Strutz: Aussagen Haiders - vornehme Zurückhaltung

ÖVP liegt mit SPÖ schon im Faulbett der Großen Koalition

Klagenfurt, 2002-10-31 (fpd) Die heutige Kritik von ÖVP-Klubobmann Andreas Kohl an Landeshauptmann Jörg Haider wird heute vom freiheitlichen Landesparteiobmann Martin Strutz zurückgewiesen. "Gegen das, was Bundeskanzler Schüssel gegenüber der FPÖ inszeniert hat, nämlich einen glatten Koalitionsbruch ohne vorherige Rücksprache mit seinem Vertragspartner und gegen jene Aussagen die ÖVP-Landeshauptleute der FPÖ in den vergangenen Wochen ausrichteten, sind die Worte des Kärntner Landeshauptmannes in den aktuellen Interviews von vornehmer Zurückhaltung geprägt", sagte Strutz.

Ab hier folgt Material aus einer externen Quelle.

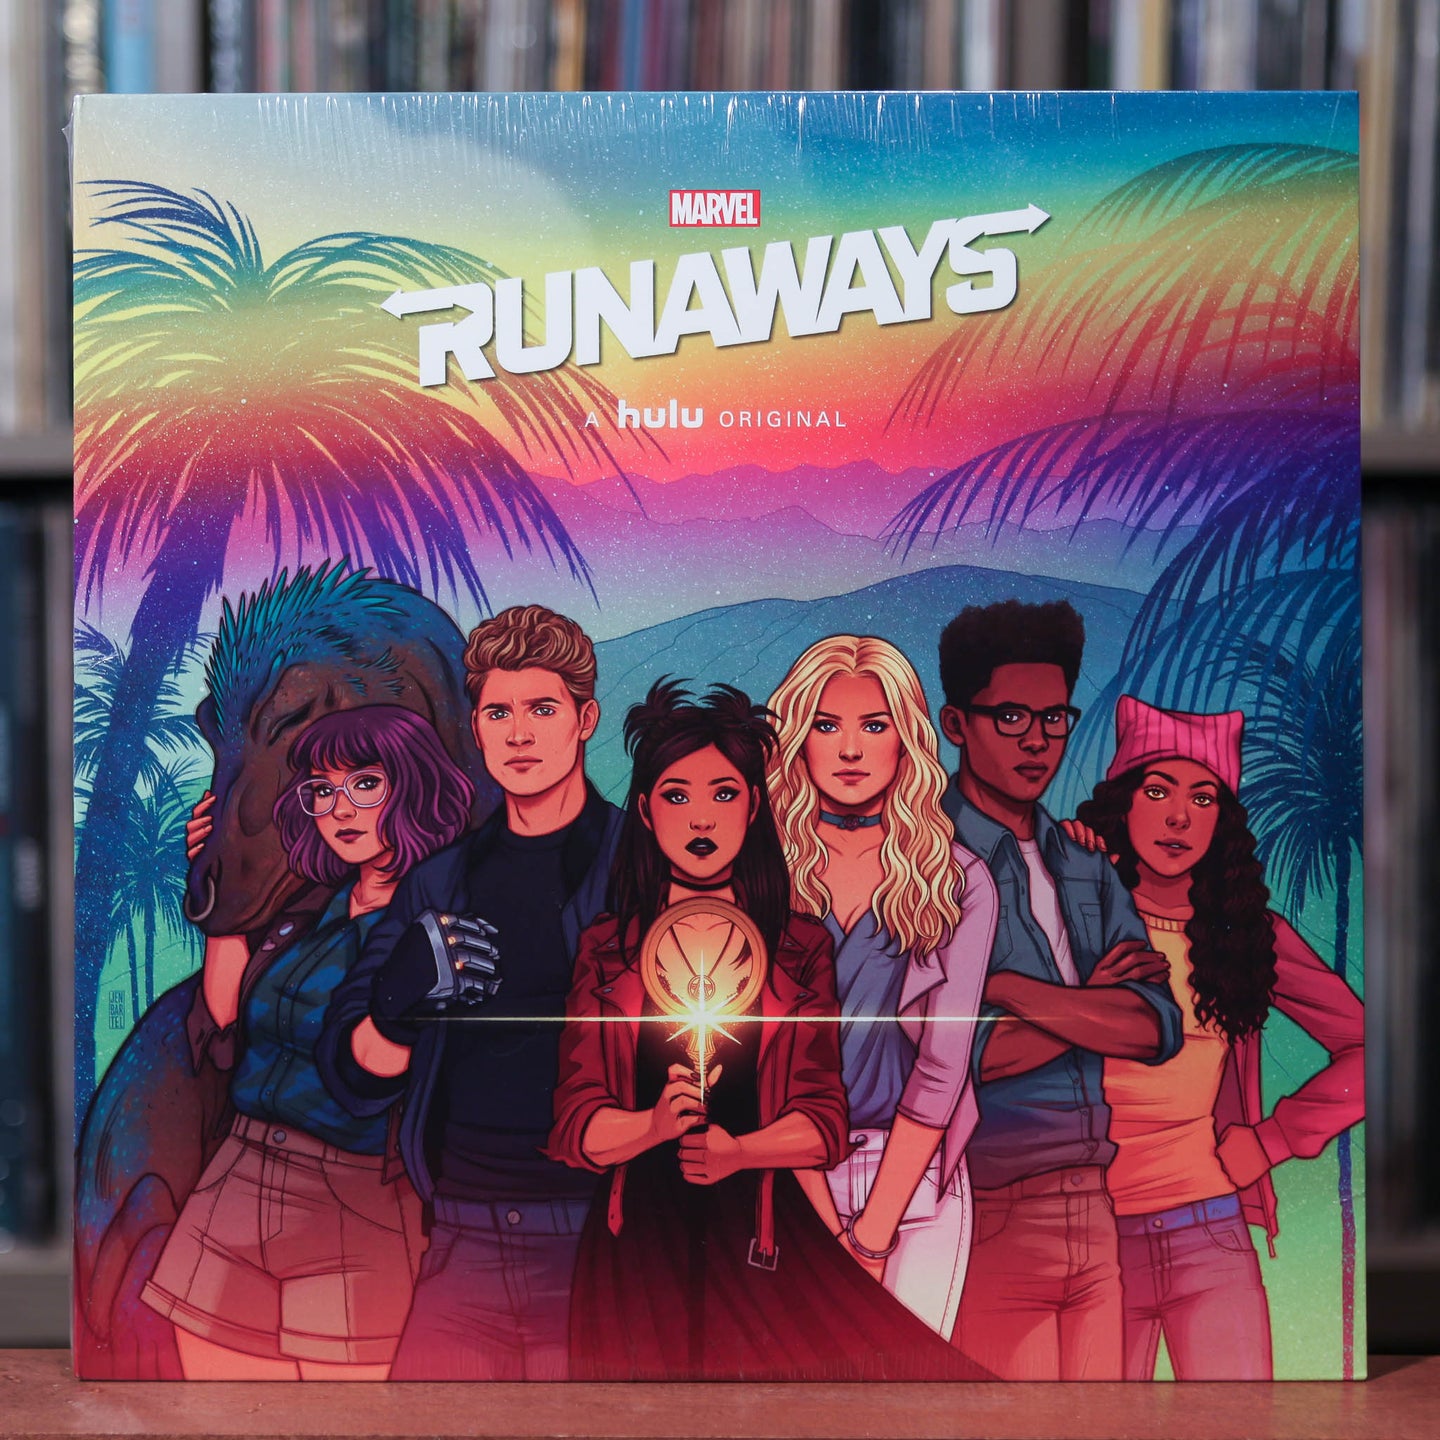 Marvel's Runaways (Hulu Original) - 2018 Hollywood, SEALED

Viele der Dinge, die hinter den Kulissen von der ÖVP gegen die Freiheitlichen inszeniert wurden, könne man gar nicht der Öffentlichkeit preisgeben, da man sich einen fairen Wahlkampf verpflichtet fühle. Mit den wilden Attacken Kohls auf Landeshauptmann Haider werde aber von Tag zu Tag deutlicher, dass die ÖVP schon längst wieder an einer Großen Koalition mit den Sozialdemokraten bastle. "Die ÖVP schickt sich an, sich schon wieder ins bequeme Faulbett der rot-schwarzen Koalition zu legen, um ungestört Posten, Macht und Privilegien in Österreich aufteilen zu können. Mit der FPÖ war dies nicht so leicht möglich und deshalb hat man zunächst versucht sich eine willfährige FPÖ auch in Sachfragen zu formen. Nachdem dies nicht geglückt ist, hat Schüssel eiskalt einseitig die Koalition gebrochen und ist in Neuwahlen geflüchtet. Den Österreicherinnen und Österreichern muss klar sein, dass nur eine starke FPÖ einen Rückfall in die alte rot-schwarze Proporzherrschaft mit all den negativen Auswirkungen des Schuldenmachens, der Privilegienwirtschaft und der Skandale verhindern kann", erklärte der freiheitliche Landesparteiobmann.